Emerging markets and climate transition: progress, challenges and opportunities

Dec 08, 2023

In 2022, we wrote about emerging markets (“EM”) being a key piece in the climate puzzle. By this we meant that whilst developed markets have historically been the main contributor to climate change, EM markets will account for most of the increase in greenhouse gas emissions going forward. As such, the success or failure of EM will have a significant impact on the ability of the world to reach net-zero emissions by 2050, and therefore avoid the worst effects of climate change.

EM countries are feeling the sense of urgency when it comes to the worst effects of climate change. The devastating floods in Pakistan, and drought-induced famine in Uganda in 2022 are but a few of many likely climate-related natural disasters affecting EM countries, where the capacity to cope is limited. Unfortunately, it is precisely some of the most climate-vulnerable countries that are also facing the most acute debt distress – such as Sri Lanka and Zambia.

Here, whilst focusing on the restructuring of past debts is certainly necessary, it is solving only half of the problem. What these countries really require are new engines of economic growth to allow them to carry more (not less) debt, on a sustainable basis. On top of this, with the help of the international community, they need to invest in climate mitigation and adaptation projects to protect their populations from the adverse effects of climate change.

In our piece, we look at the progress that EM countries are making. Despite the overwhelming nature of the challenge, combined with a hostile external market environment, EM countries are continuing to push ahead with their green agendas, as follows:

  • Climate change commitments: the growing ambition of EM countries’ Nationally Determined Contributions (“NDC”). Thes countries dominate the group with an ‘almost sufficient’ NDC target, as defined by the Climate Action Tracker initiative.

    We discuss how, last year, Uruguay led the way in creating a direct link between the fulfilment of its NDC commitment and debt financing cost, via the first ever sovereign ‘step-up, step-down’ sustainability-linked bond.

  • Green taxonomies: EM countries have been developing and (in some cases) launching green taxonomies. These frameworks are important as they mobilise investments in domestic economies to line up behind a country’s own climate transition priorities and environmentally friendly projects.

    Green taxonomies reflect the unique challenges that individual countries are facing, and although such frameworks might not be perfect, they are a much-needed starting point, and we expect them to dynamically evolve over time.

  • Investments in alternative energy: EM countries are increasing their efforts to reduce reliance on fossil fuels and increase capacity in clean and renewables. Those with access to funds, especially China, are directing investment into this rapidly-growing industry, followed by India and Brazil.
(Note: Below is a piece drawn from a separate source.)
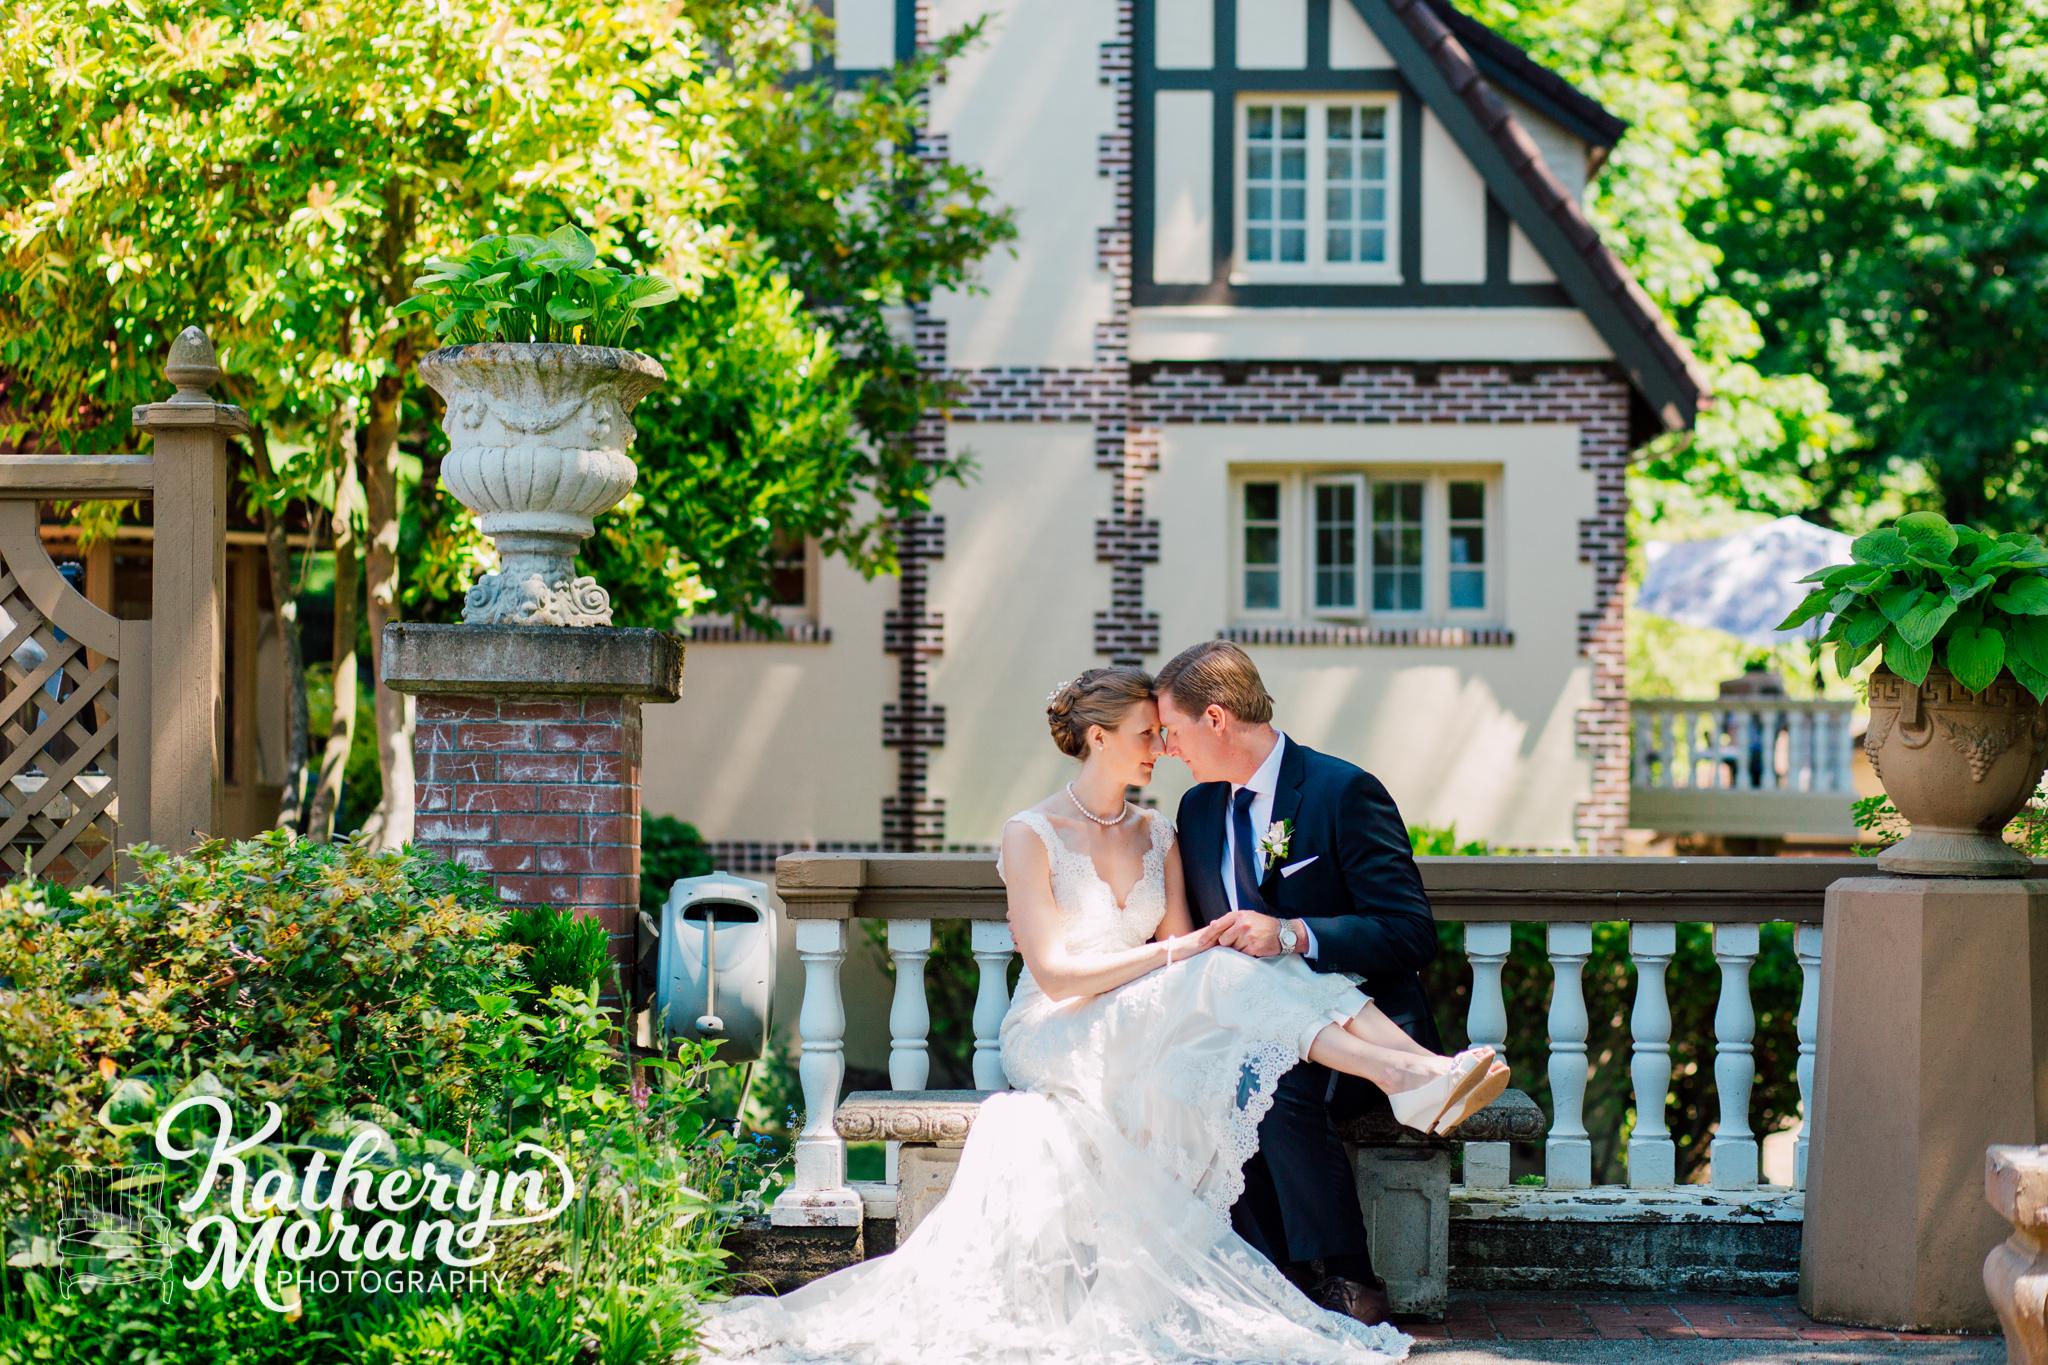 bellingham-wedding-photographer-lairmont-manor-katheryn-moran-2.jpg

    What is becoming apparent, however, is the marked regional differences in EM’s capability to attract investments into clean energy. The least developed countries, as well as small island developing states, are finding it particularly challenging to attract investments.

  • Sustainable financing: given challenges ahead, stakeholders, including multinationals and market participants and sovereign issuers have been ramping up efforts to develop innovative financial instruments to channel funding into much-needed projects within EM.
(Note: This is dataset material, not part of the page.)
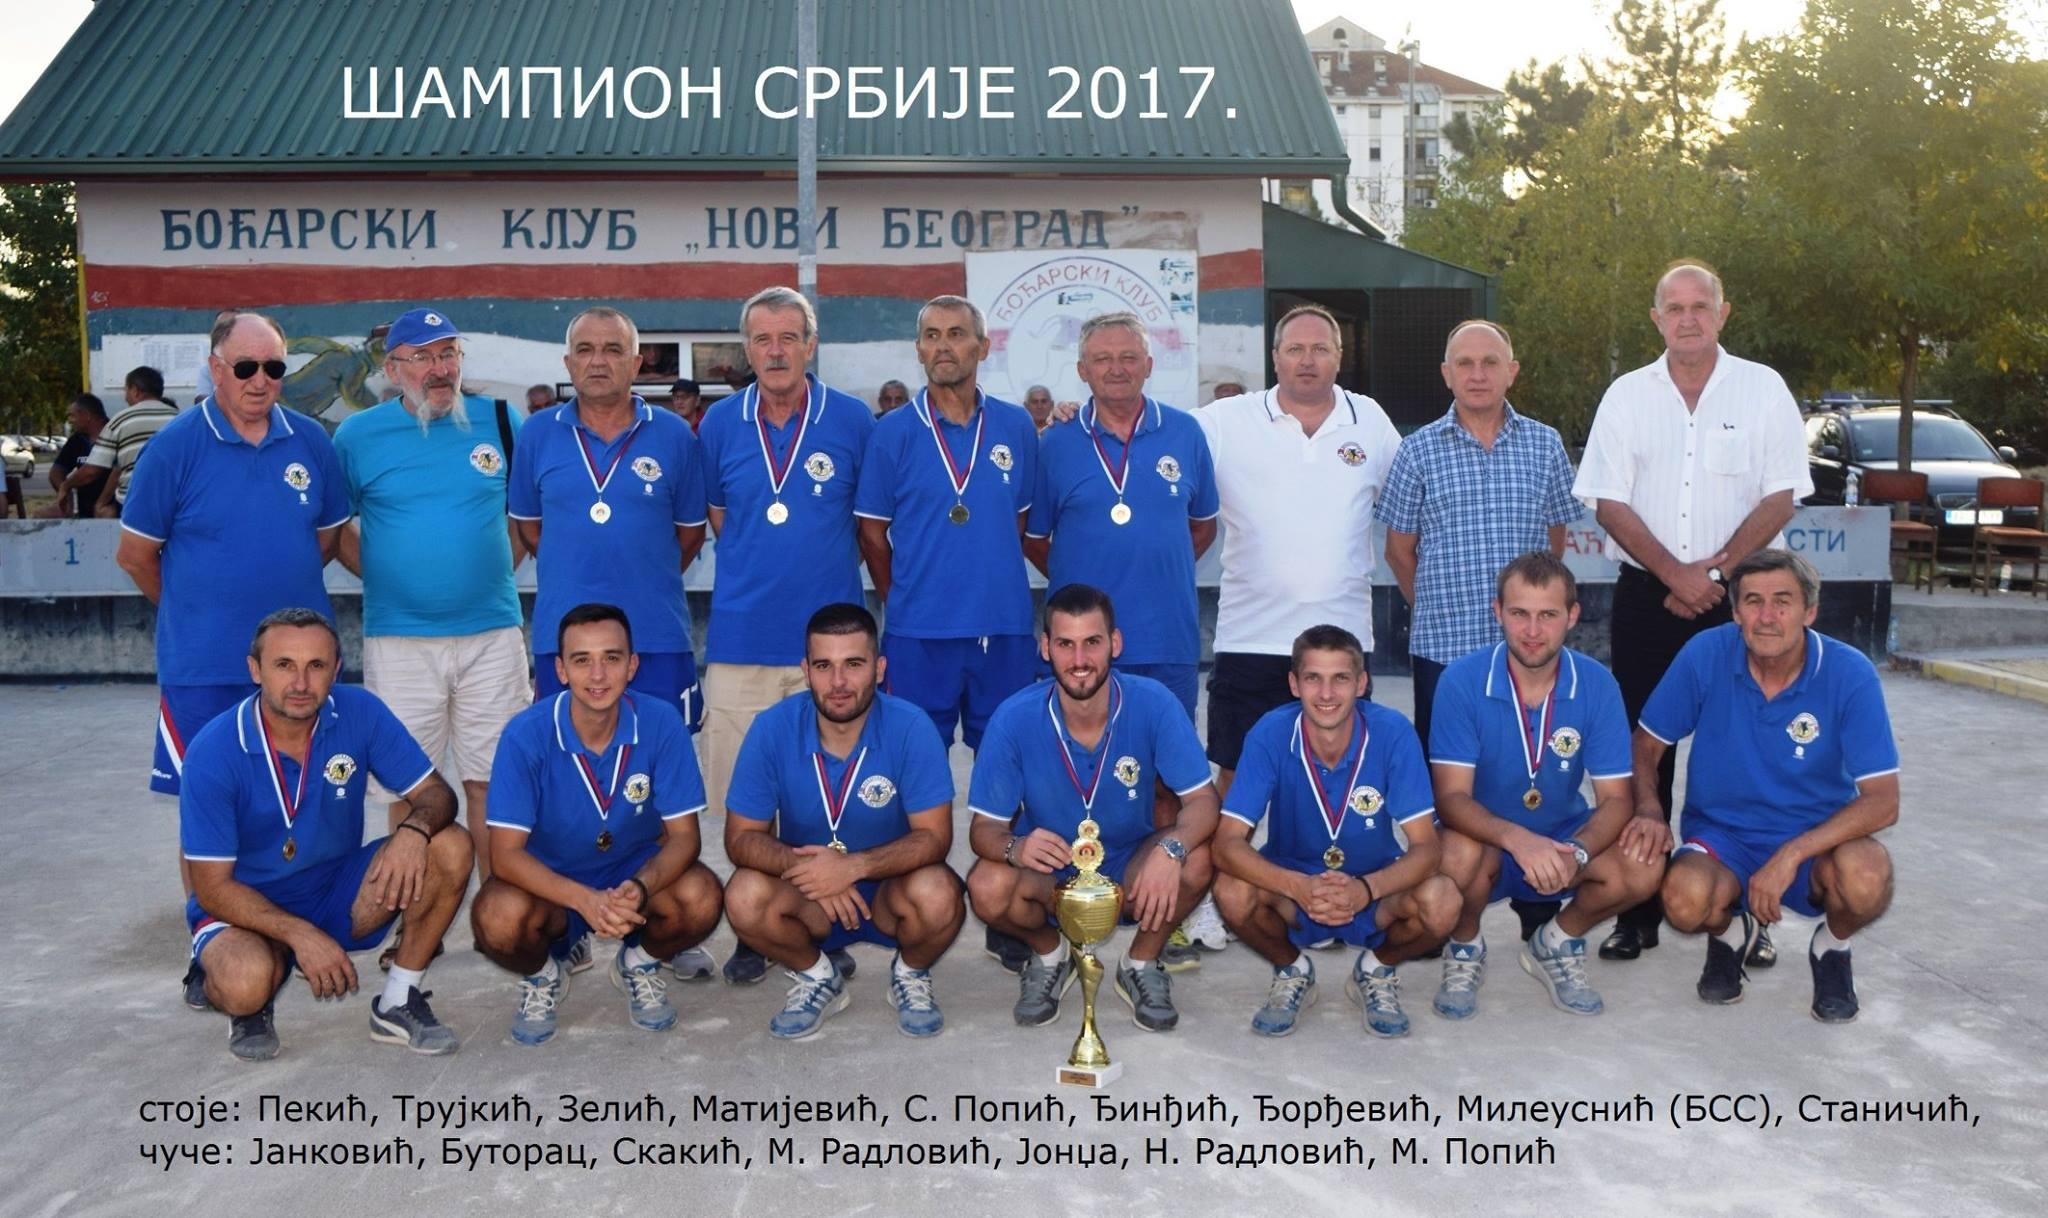 Sapion 2017 BK N. Beograd

    We have seen ongoing issuance of EM sovereign ‘use-of-proceed’ bonds and improvements in their quality, while the sustainability-linked bond framework has started to be utilised by sovereigns and ‘debt-for-nature’ swaps have increased.

However, while these developments are a step in the right direction, significantly more capital needs to be channelled into EM countries to fulfil their climate transition objectives. The financial industry can play a critical role, by directing this capital into EM countries.

Ultimately, these countries are vital in the fight against climate change and their success or failure will have a significant impact on the ability of the world to reach net-zero emissions by 2050, and so avoid the worst effects of climate change.